It’s Economic Growth, Stupid!

A lot of ink has been spilt attempting to explain what is happening in American politics today. While there is no single explanation and there is validity in many of the theories, the single best explanation may be one of the oldest: people’s views on the economy shape their political views.

For far too many political leaders and commentators, the only two measures of economic performance are the monthly unemployment rate and the value of the stock market. Decades ago, that oversimplification may have sufficed. But circumstances have changed substantially since 1992, for example, when a presidential campaign reminded itself what the central issue was — “It’s the economy, stupid.” Large segments of the American people have a much better understanding of not only the state of today’s economy but also its future prospects.

Polling at the end of last year found that:

  • 72% of Americans believe the country is still in a recession.
  • The public is split evenly, 49% to 49%, between those who think America’s best days are behind her and those who think they are ahead of her; only 41% of Republicans and 33% of those who identify with the Tea Party think America’s best days are ahead.
  • 64% of Americans think that hard work does not guarantee success — a 10-point increase since 2013.

The data support these concerns.

It’s the economy.

  • Absent miracle growth in the last three-months of 2015, America just completed its 10th straight year of sub-3% economic growth.
  • Excluding the recession years of 2008 and 2009, growth has averaged just a bit over 2% since 2005.

This is unprecedented.

  • The four decades before the 2008 recession (1965 to 2007), growth — even with recessions –averaged 3.3%.

But absent correction, it is the new normal.

  • The Congressional Budget Office predicts that between now and 2040, economic growth will average just 2.2%.

Demographic changes contribute to slower future economic growth.

  • Potential economic growth is a result of labor force growth (more people providing goods and services) and productivity growth (getting more goods and services out of each unit of work).
  • After World War II, both population growth and women entering the workforce pushed economic growth higher.
  • From 1970 to 2007, the labor force grew an average of 1.7% per year. Between now and 2040, growth will just be 0.5%.
  • As the working age population shrinks, per capita GDP over the next 25 years will grow at just 1.5%, compared to 2.1% before 2007.

Small differences in growth produce big effects.

  • While it took about 27 years after 1960 for per capita GDP to double from just over $17,000 to over $34,000 it will now take nearly 50 years for per capita GDP to double.

Slower growth rates have a personal impact.

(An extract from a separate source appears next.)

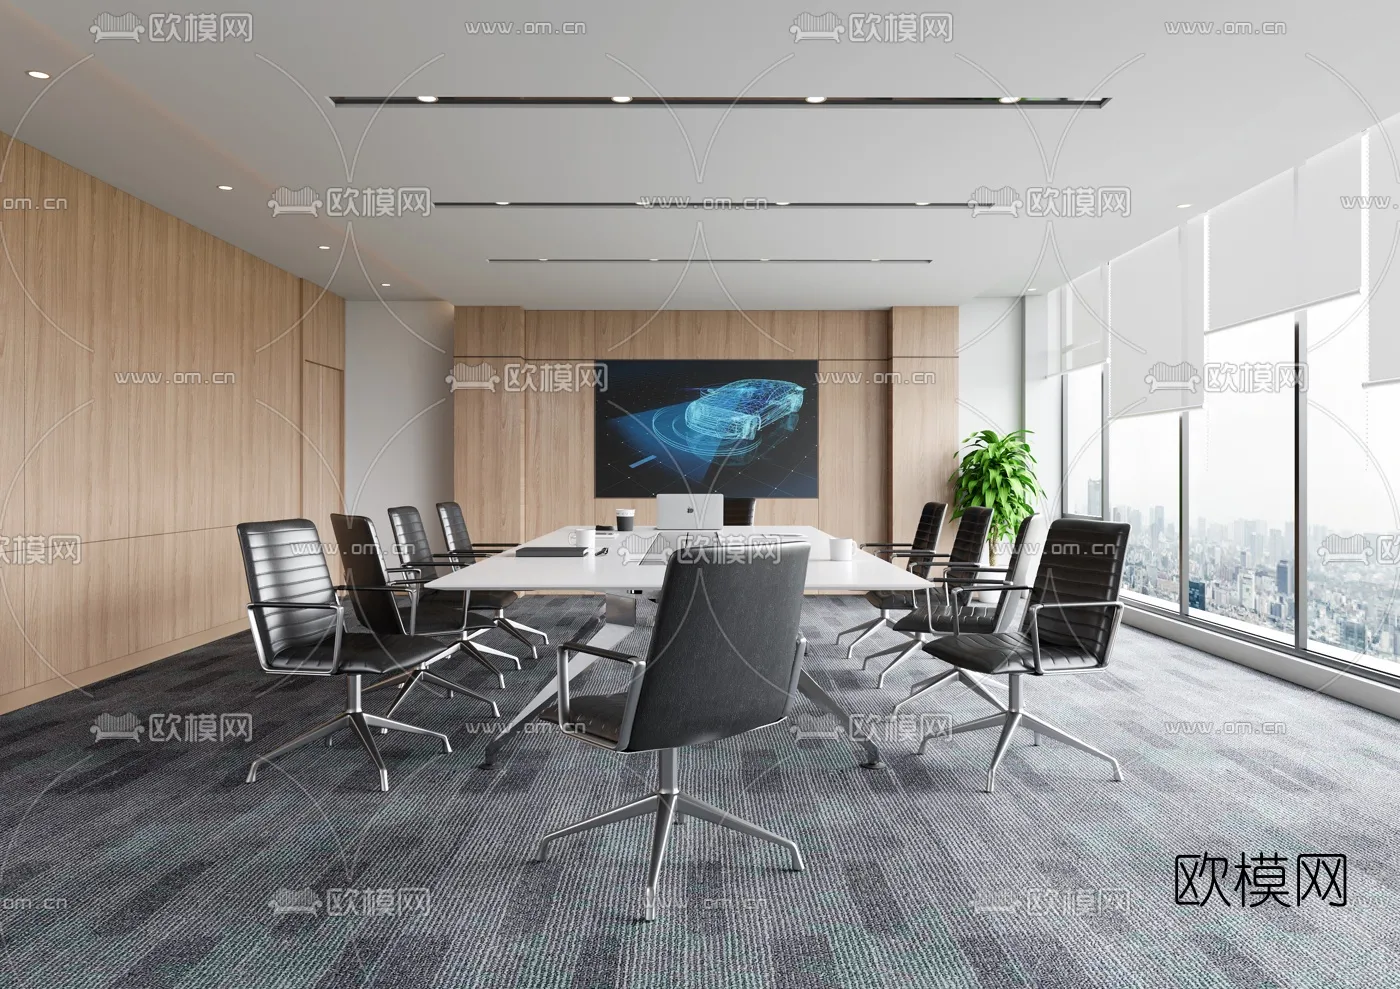 Meeting Room 3D Scenes – 1442

  • Median household income in 2014 was $4,000 below where it was 15 years ago.

The outlook for jobs is bleak.

  • Of the 15 occupations with the largest expected job growth between now and 2024, 11 pay wages below the median annual wage for all workers (below $35,540).
  • Growth in these 15 occupations is expected to result in an additional 3.5 million jobs — which is equal to about 35% of the total number of net new jobs.

No wonder so many people are so angry! A recent NBC/Esquire poll focused on attempting to understand this anger.

  • 49% of Americans, including 61% of Republicans, said they find themselves feeling angrier now about current events than they were one year ago.
  • 54% of Americans say their financial situation is worse today that they thought it would be with a plurality saying it is harder to get ahead today.

William Galston has written a series of excellent op-eds for The Wall Street Journal (here, here, and here) that, using much of the data above, offer an explanation between what is occurring economically and how that is playing out politically.

This is the GREAT challenge: Given the headwinds of demographic change and recognizing there is no silver bullet, the challenge to policymakers is to focus on a comprehensive set of policies that can lead to the type of economic growth that Americans used to enjoy and now see slipping away.